Supplied records —
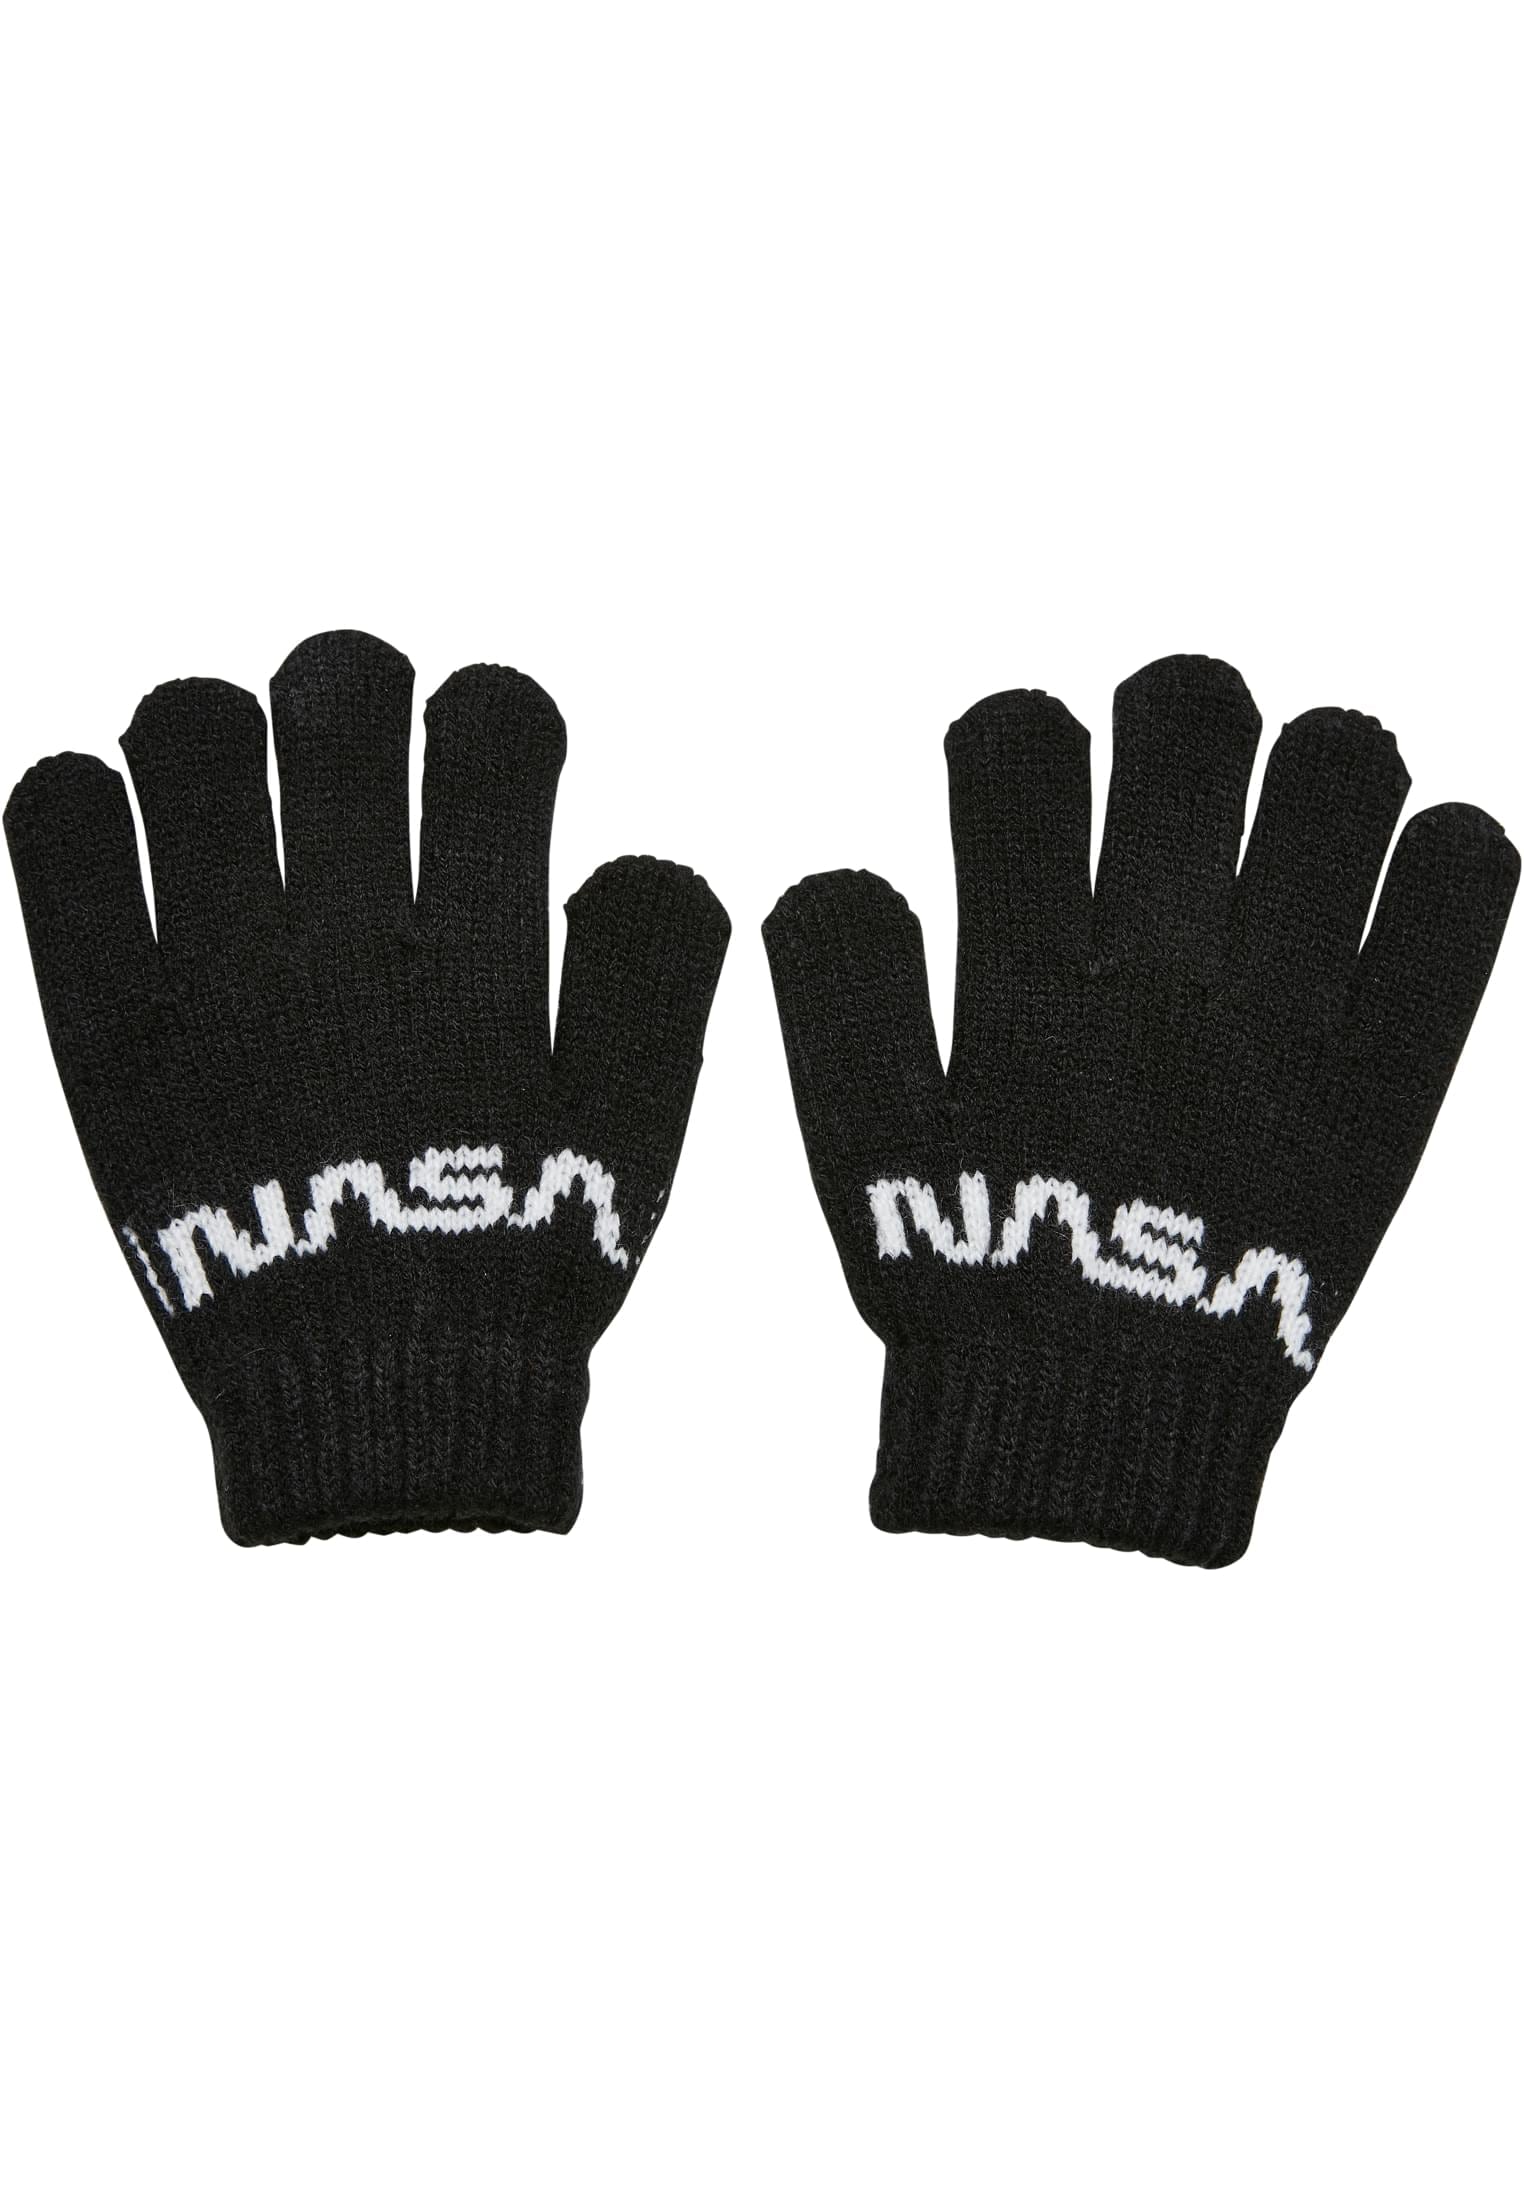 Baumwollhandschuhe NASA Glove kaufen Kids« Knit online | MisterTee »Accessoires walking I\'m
* * *
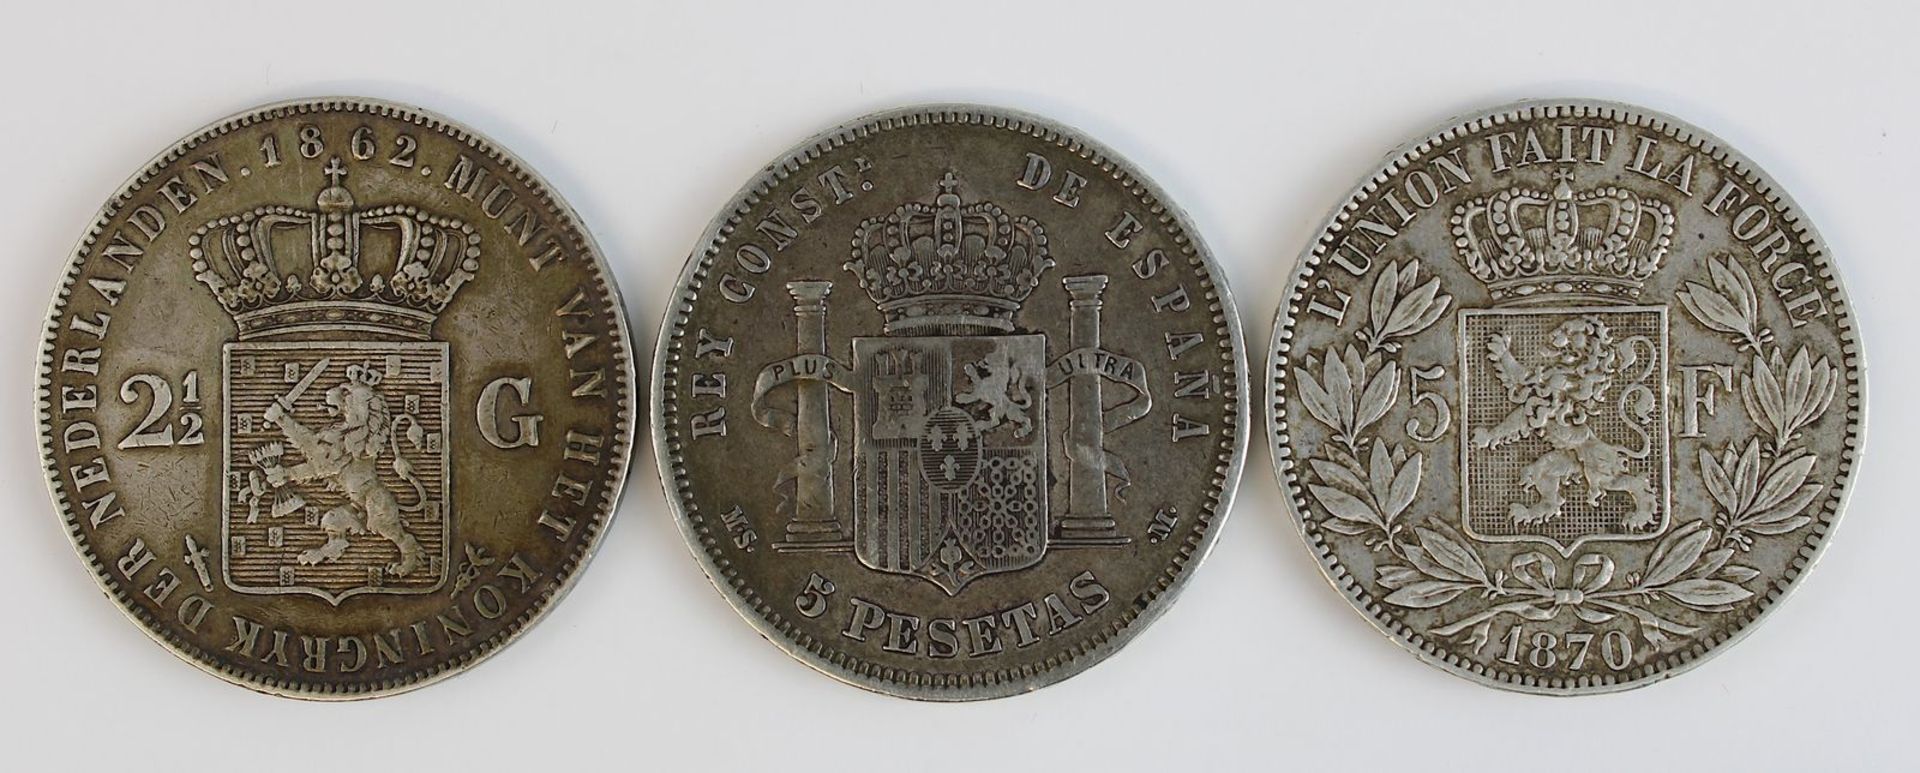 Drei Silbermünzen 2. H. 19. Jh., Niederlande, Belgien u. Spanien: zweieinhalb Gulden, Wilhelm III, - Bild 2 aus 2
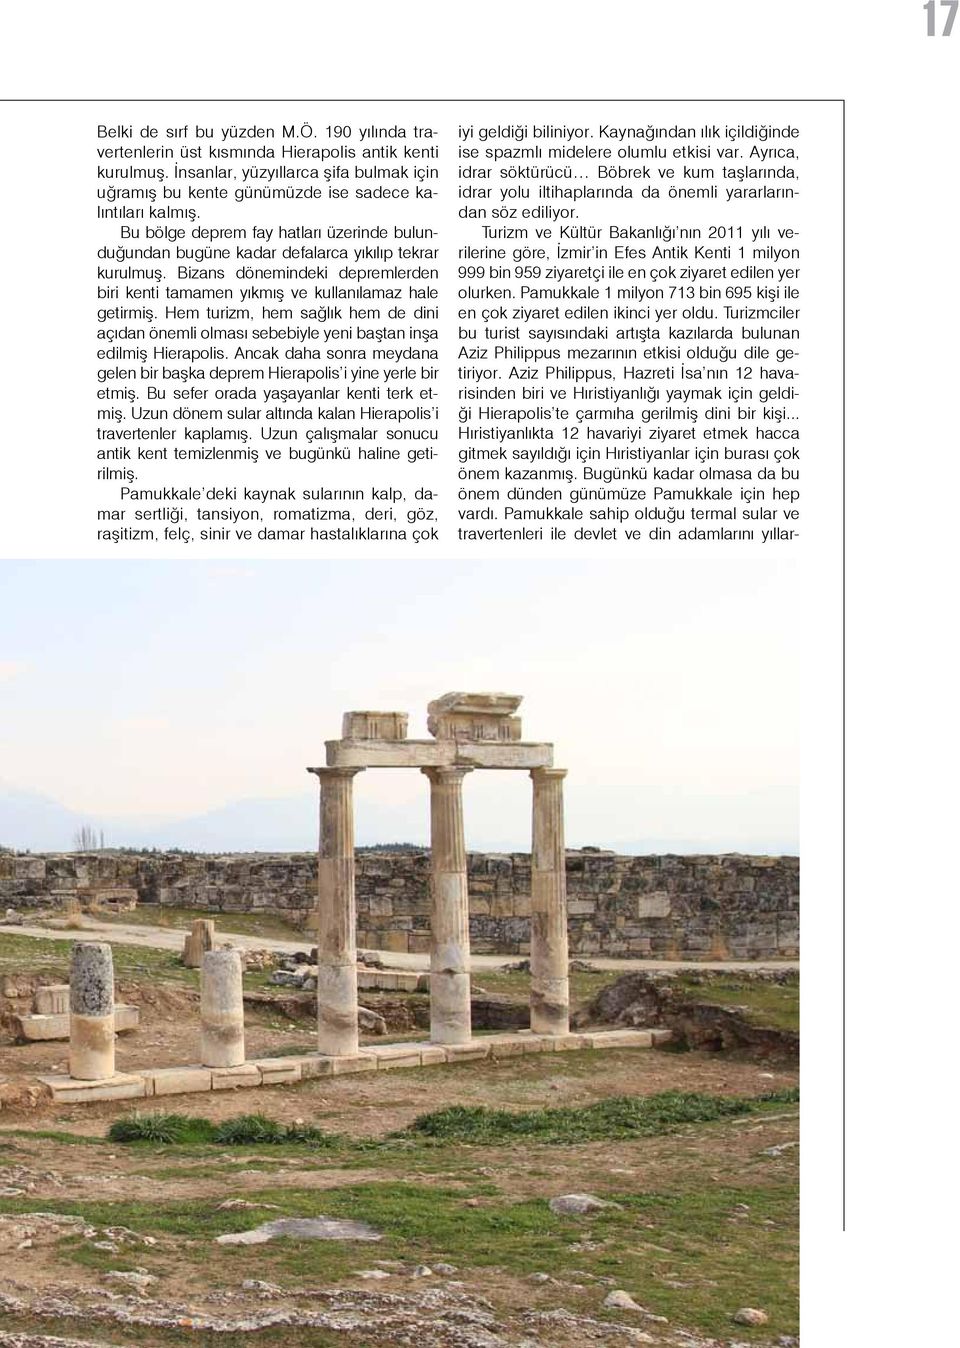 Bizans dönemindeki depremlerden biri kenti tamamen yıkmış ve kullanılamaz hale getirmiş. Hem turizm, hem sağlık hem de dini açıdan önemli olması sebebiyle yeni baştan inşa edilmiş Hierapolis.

What the task requires —
Repeat exactly the lines above, from the line that contains "Drei Silbermünzen 2." down through the line that contains "Bizans dönemindeki depremlerden". Include both of those lines and none of the pictures.

Worked solution —
 Drei Silbermünzen 2. H. 19. Jh., Niederlande, Belgien u. Spanien: zweieinhalb Gulden, Wilhelm III, - Bild 2 aus 2
 Bizans dönemindeki depremlerden biri kenti tamamen yıkmış ve kullanılamaz hale getirmiş. Hem turizm, hem sağlık hem de dini açıdan önemli olması sebebiyle yeni baştan inşa edilmiş Hierapolis.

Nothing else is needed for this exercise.